> YOUR TASK
Records follow. Print exactly the lines from the one that has "Klammspitze Pano Sonnenaufgang.jpg" through the one that has "Property for sale", inclusive, and omit the pictures.

> AVAILABLE DATA
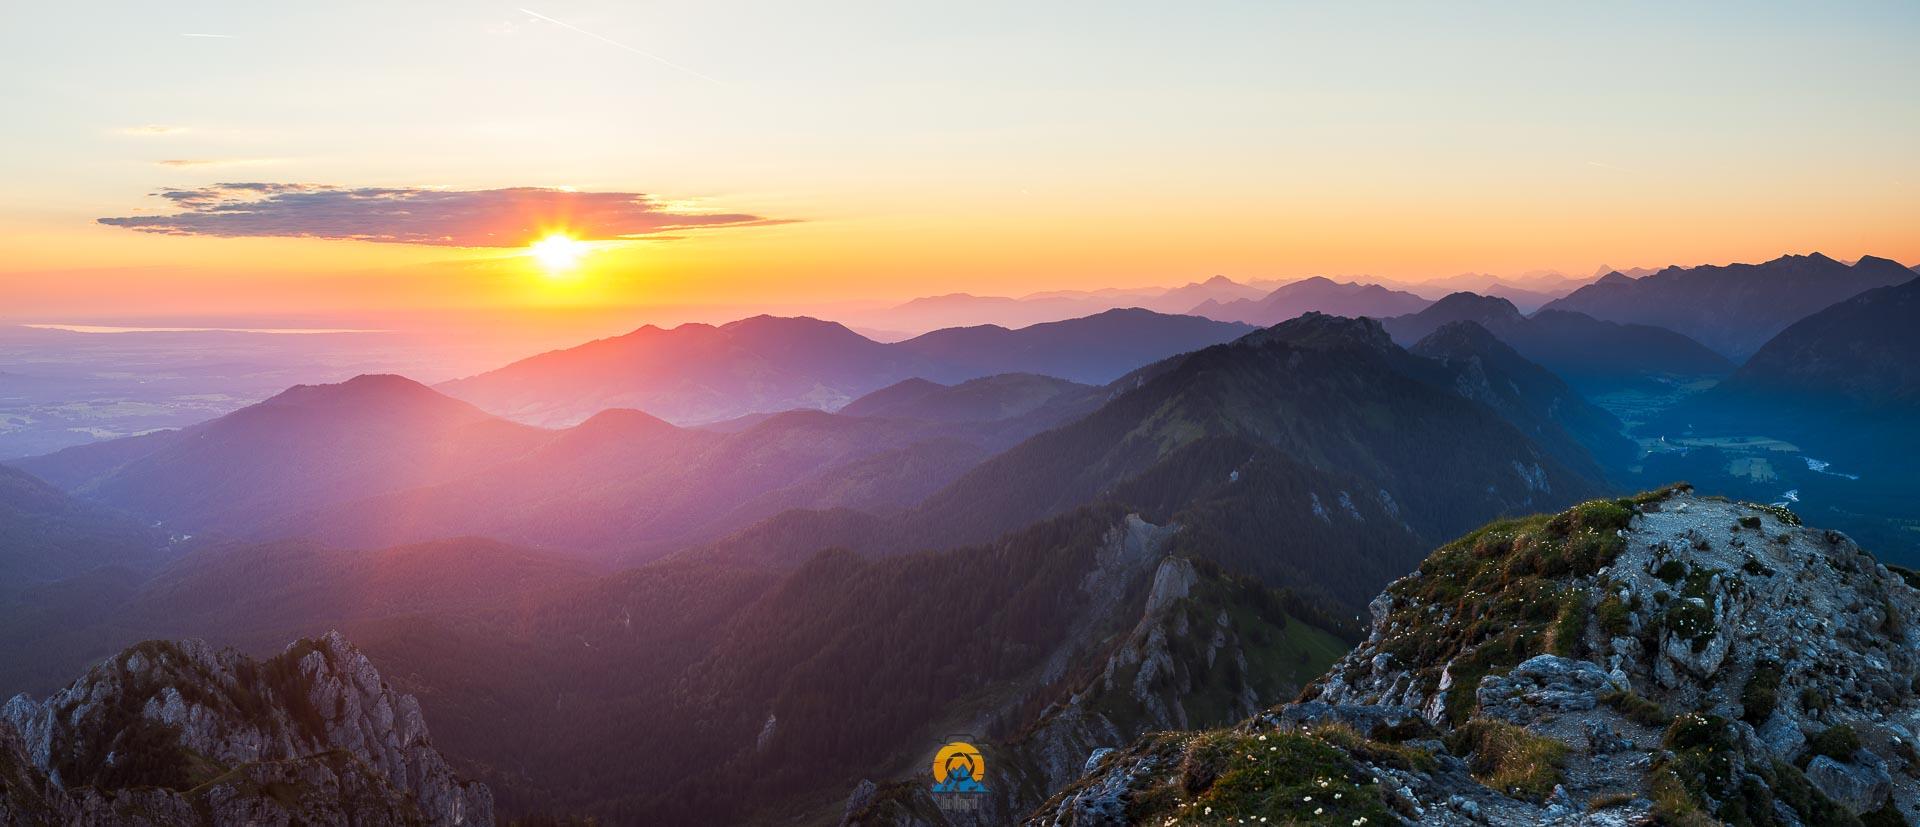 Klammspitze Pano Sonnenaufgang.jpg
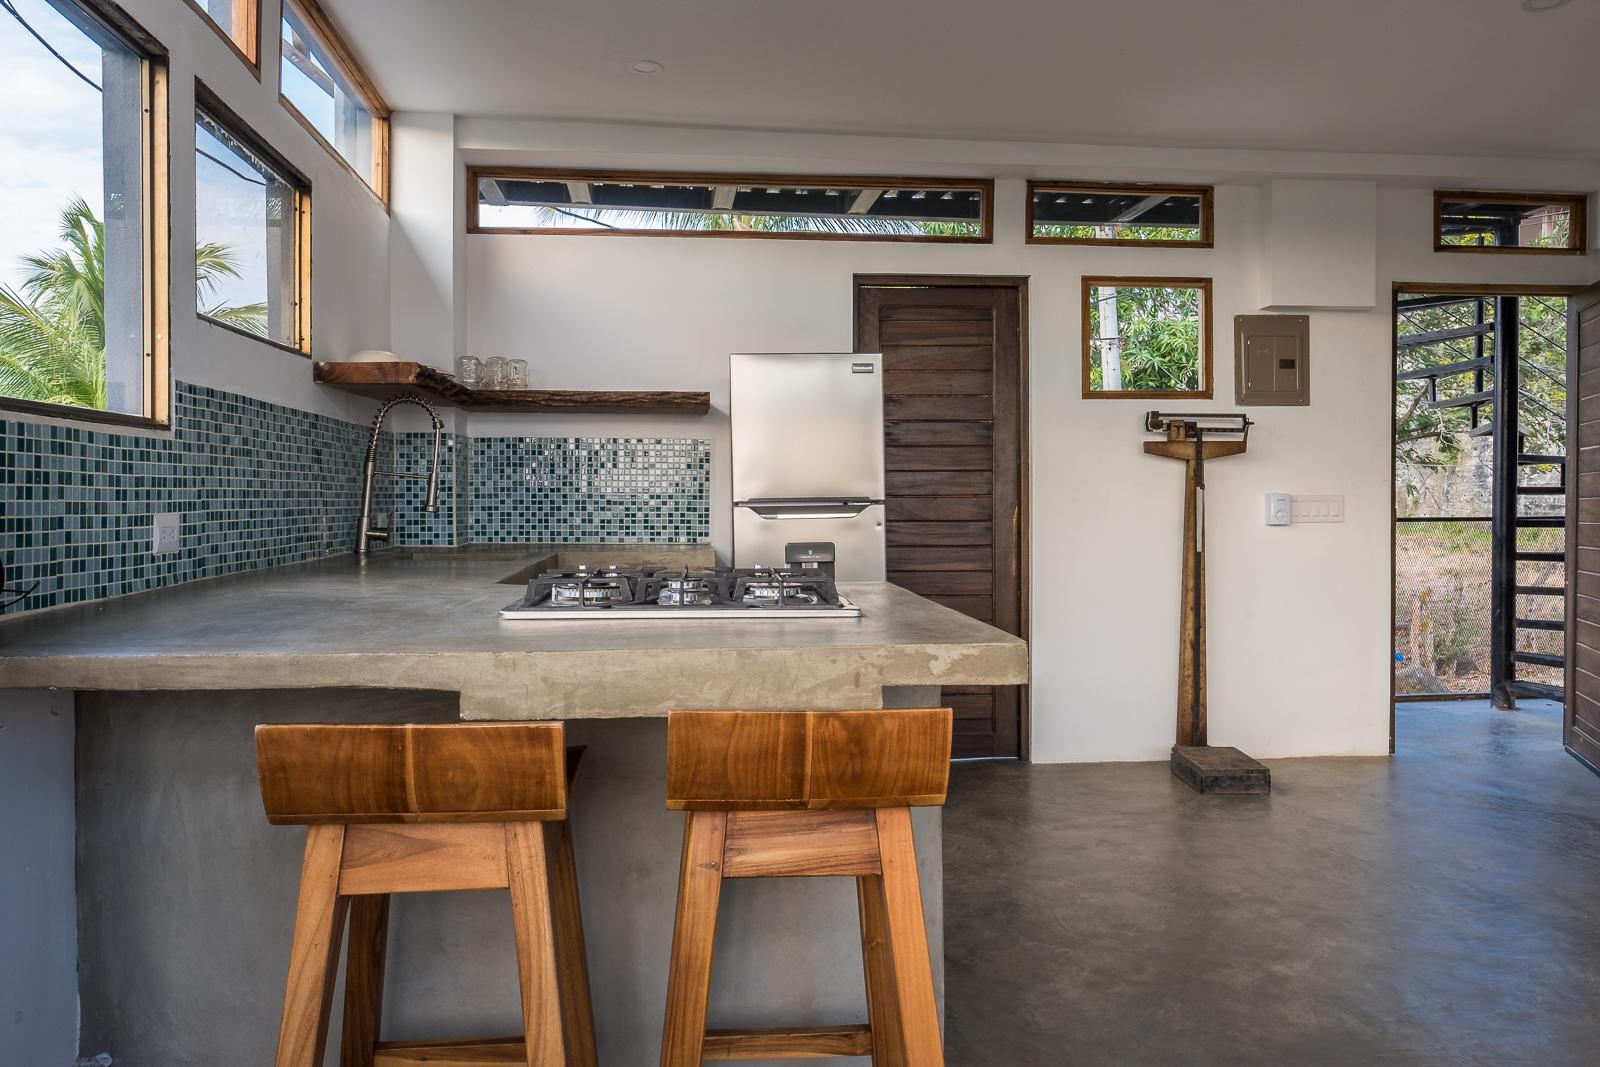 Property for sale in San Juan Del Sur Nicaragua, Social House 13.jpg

* * *

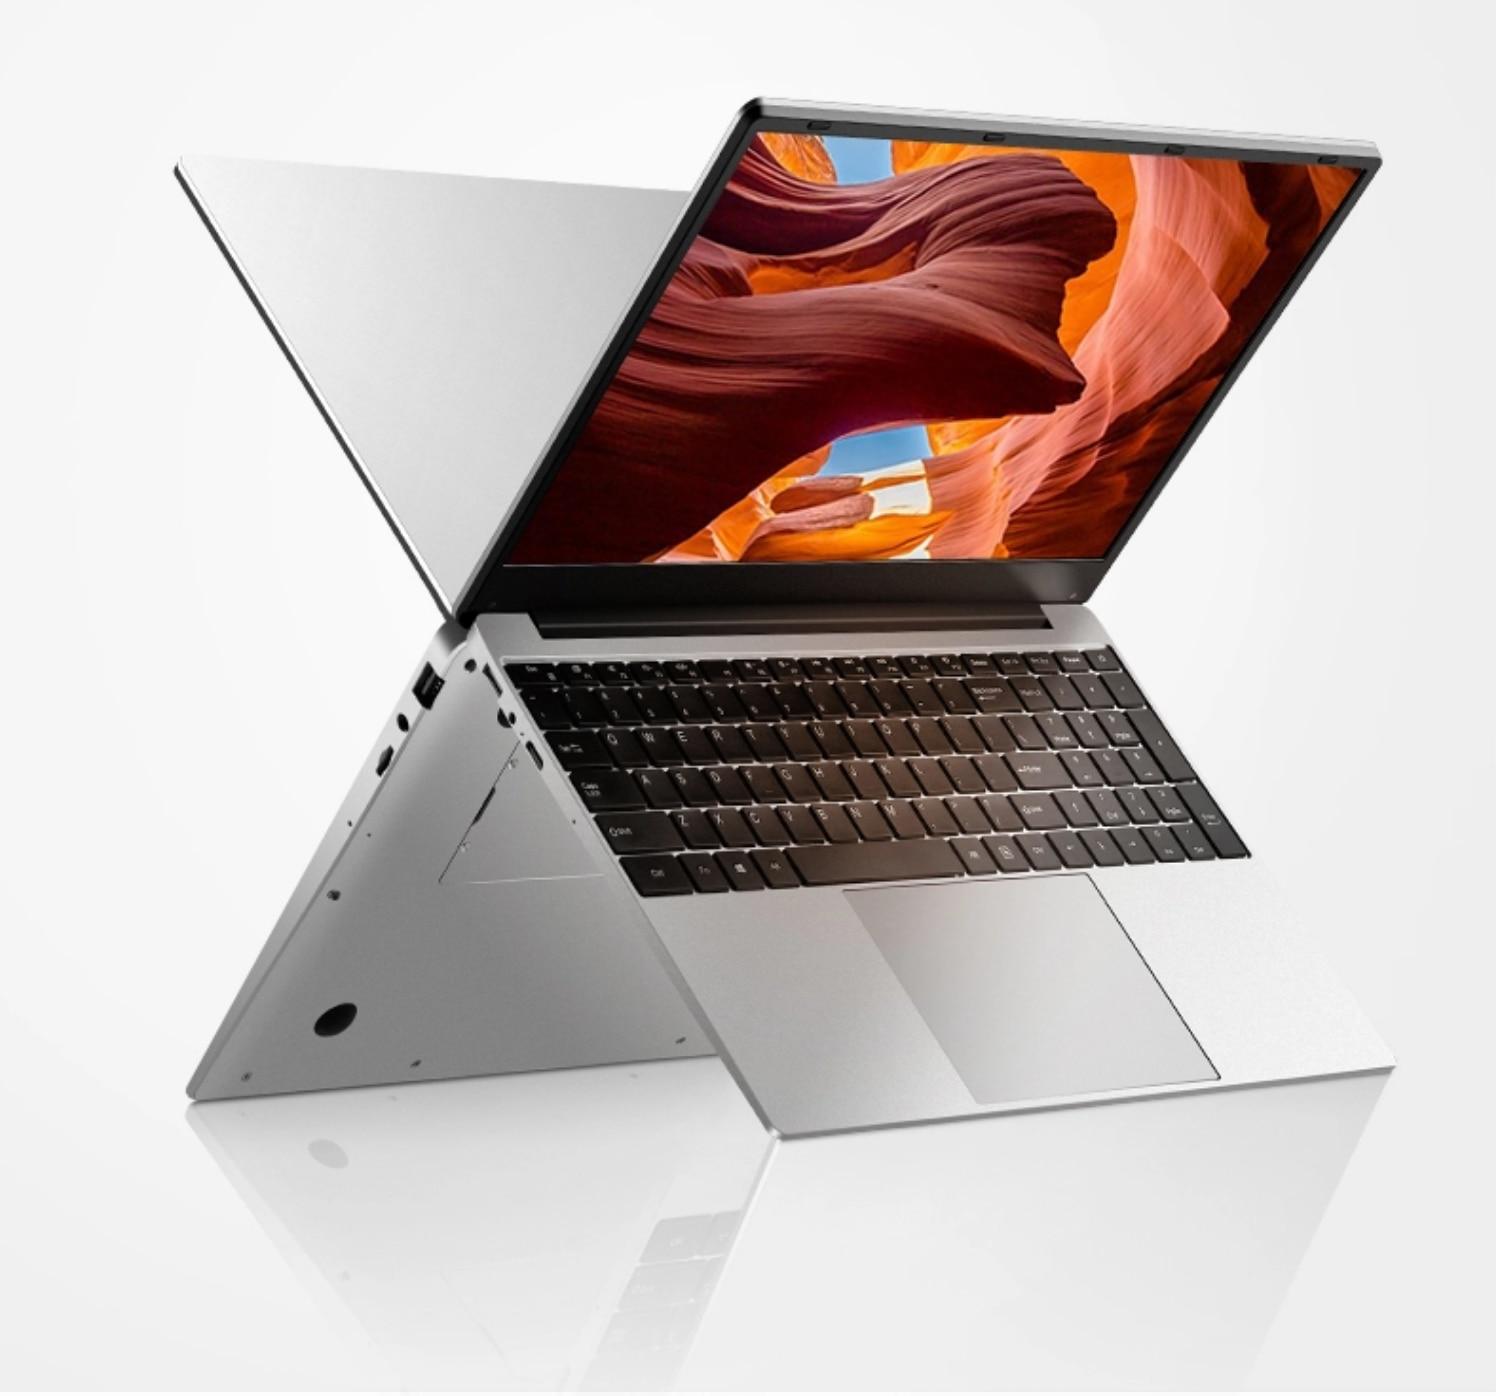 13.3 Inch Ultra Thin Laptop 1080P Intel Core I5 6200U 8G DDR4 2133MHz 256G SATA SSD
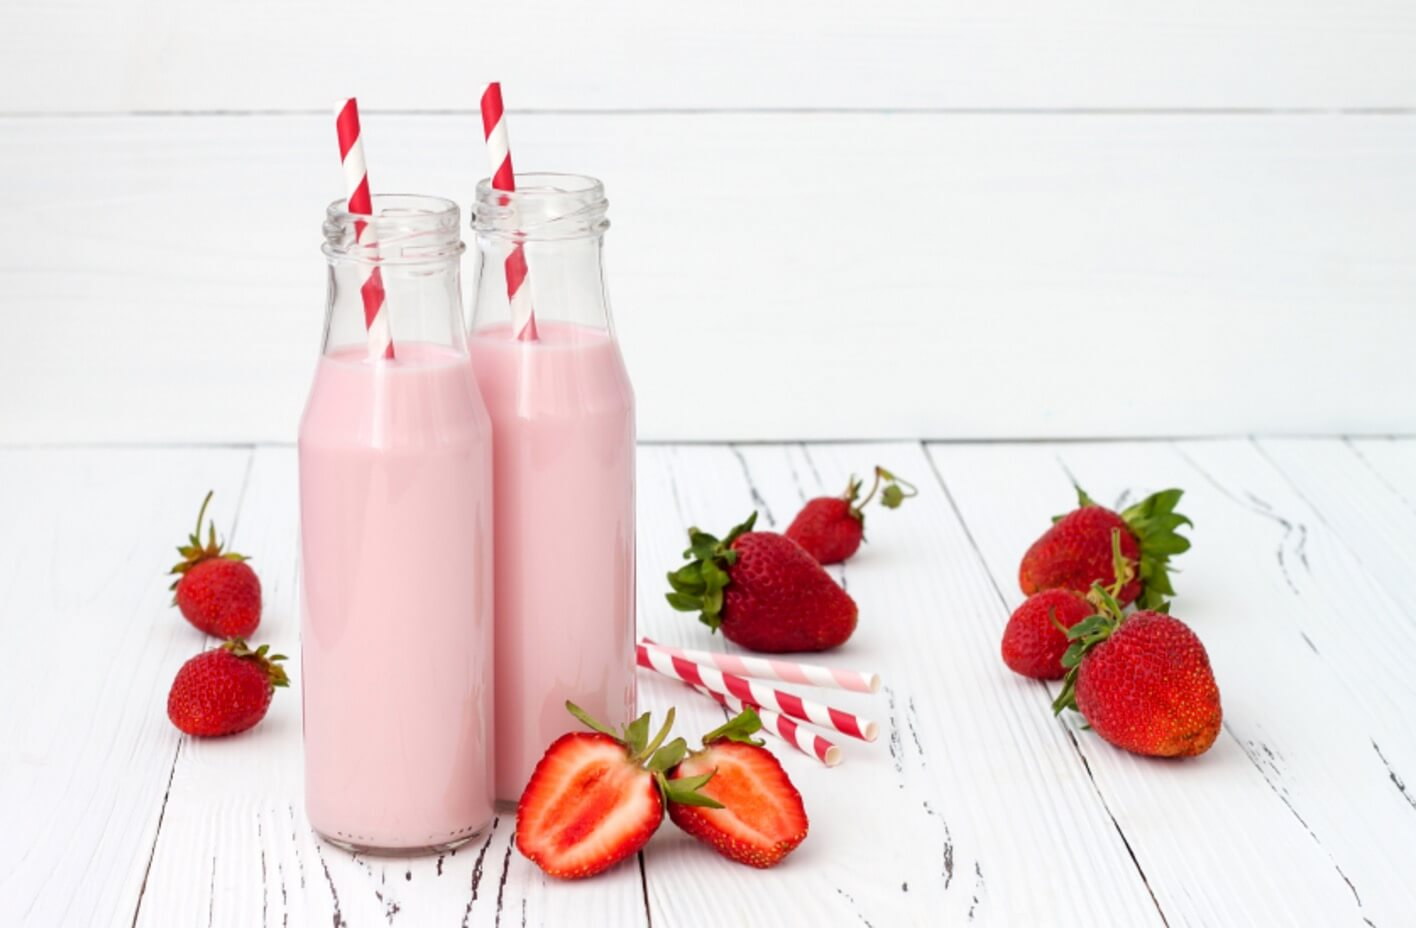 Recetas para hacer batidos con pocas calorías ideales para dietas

> SOLUTION TO THIS EXERCISE
 Klammspitze Pano Sonnenaufgang.jpg
 Property for sale in San Juan Del Sur Nicaragua, Social House 13.jpg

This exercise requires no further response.